I am trying to quantize a siam-style tracking model, and unfortunately I found that with int8 qat, the resulted model didn’t work at all. I am not sure whether is my qat setup goes wrong or int8 is not enough for such task.
Since I only want a quantized backbone, the qat setup is like:
1.replace skip-connection "+" with nn.quantized.FloatFunctional() 2.coding fuse model method for structure like conv-bn-relu, then: if cfg.TRAIN.QAT: model.eval() model.backbone.fuse_model() model.backbone.qconfig = quantization.QConfig(weight=wt_fake_quant_per_channel_8bit, activation=act_fake_quant_8bit,) model.backbone = quantization.prepare_qat(model.backbone, inplace=True) if cfg.ADJUST.ADJUST: model.neck.apply(quantization.disable_fake_quant) if cfg.BAN.BAN: model.ban_head.apply(quantization.disable_fake_quant) model.backbone.features[-1].skip_add.activation_post_process.apply(quantization.disable_fake_quant) model.train() # start training train(dist_model, optimizer, lr_scheduler, tb_writer)
Is the code above has something wrong?
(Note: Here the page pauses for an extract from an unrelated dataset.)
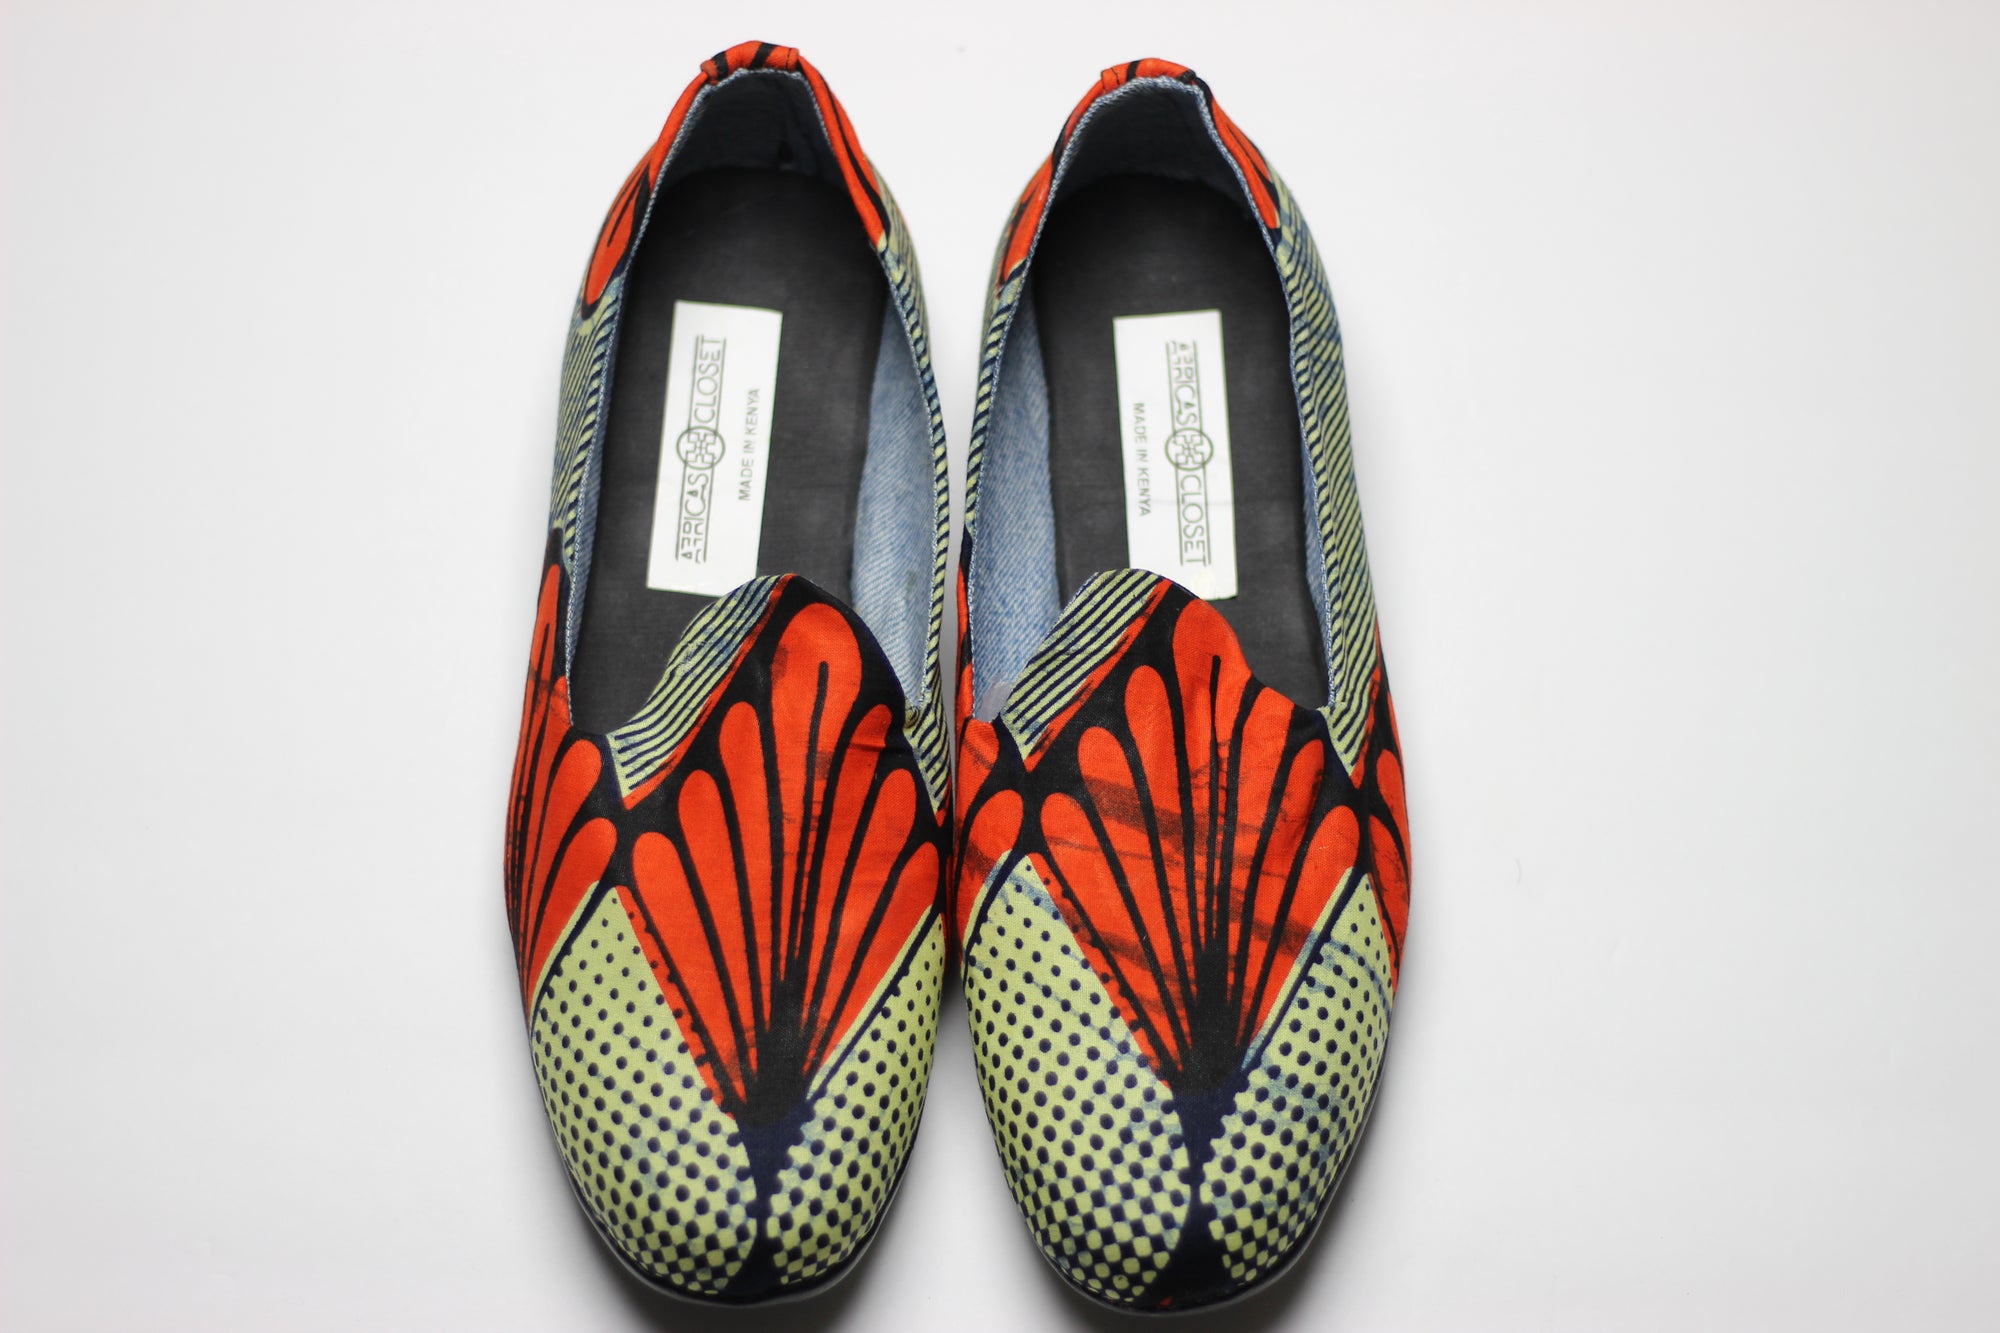 African Print /Ankara Flat Shoes /Loafers(slip ons) - Red and Navy Blue Floral Print. - Africas Closet

I disable the last activation quantization because the followed layers are working on float32, is this step necessary?
If such code looks good, I guess it is just int8 is not enough, So, is it possible to do int 16 qat, I try something like:
act_fake_quant_16bit = quantization.FakeQuantize.with_args( observer=MinMaxObserver_Clip6.with_args( quant_min=-32767, quant_max=32767, dtype=torch.qint32, qscheme=torch.per_tensor_symmetric, reduce_range=False ), quant_min=-32767, quant_max=32767, dtype=torch.qint32, qscheme=torch.per_tensor_symmetric, reduce_range=False ) wt_fake_quant_per_channel_16bit = quantization.FakeQuantize.with_args( observer=quantization.PerChannelMinMaxObserver.with_args( quant_min=-32767, quant_max=32767, dtype=torch.qint32, qscheme=torch.per_channel_symmetric, reduce_range=False ), quant_min=-32767, quant_max=32767, dtype=torch.qint32, qscheme=torch.per_channel_symmetric, reduce_range=False )
but get errors from torch says that only int8/uint8 dtype is acceptable.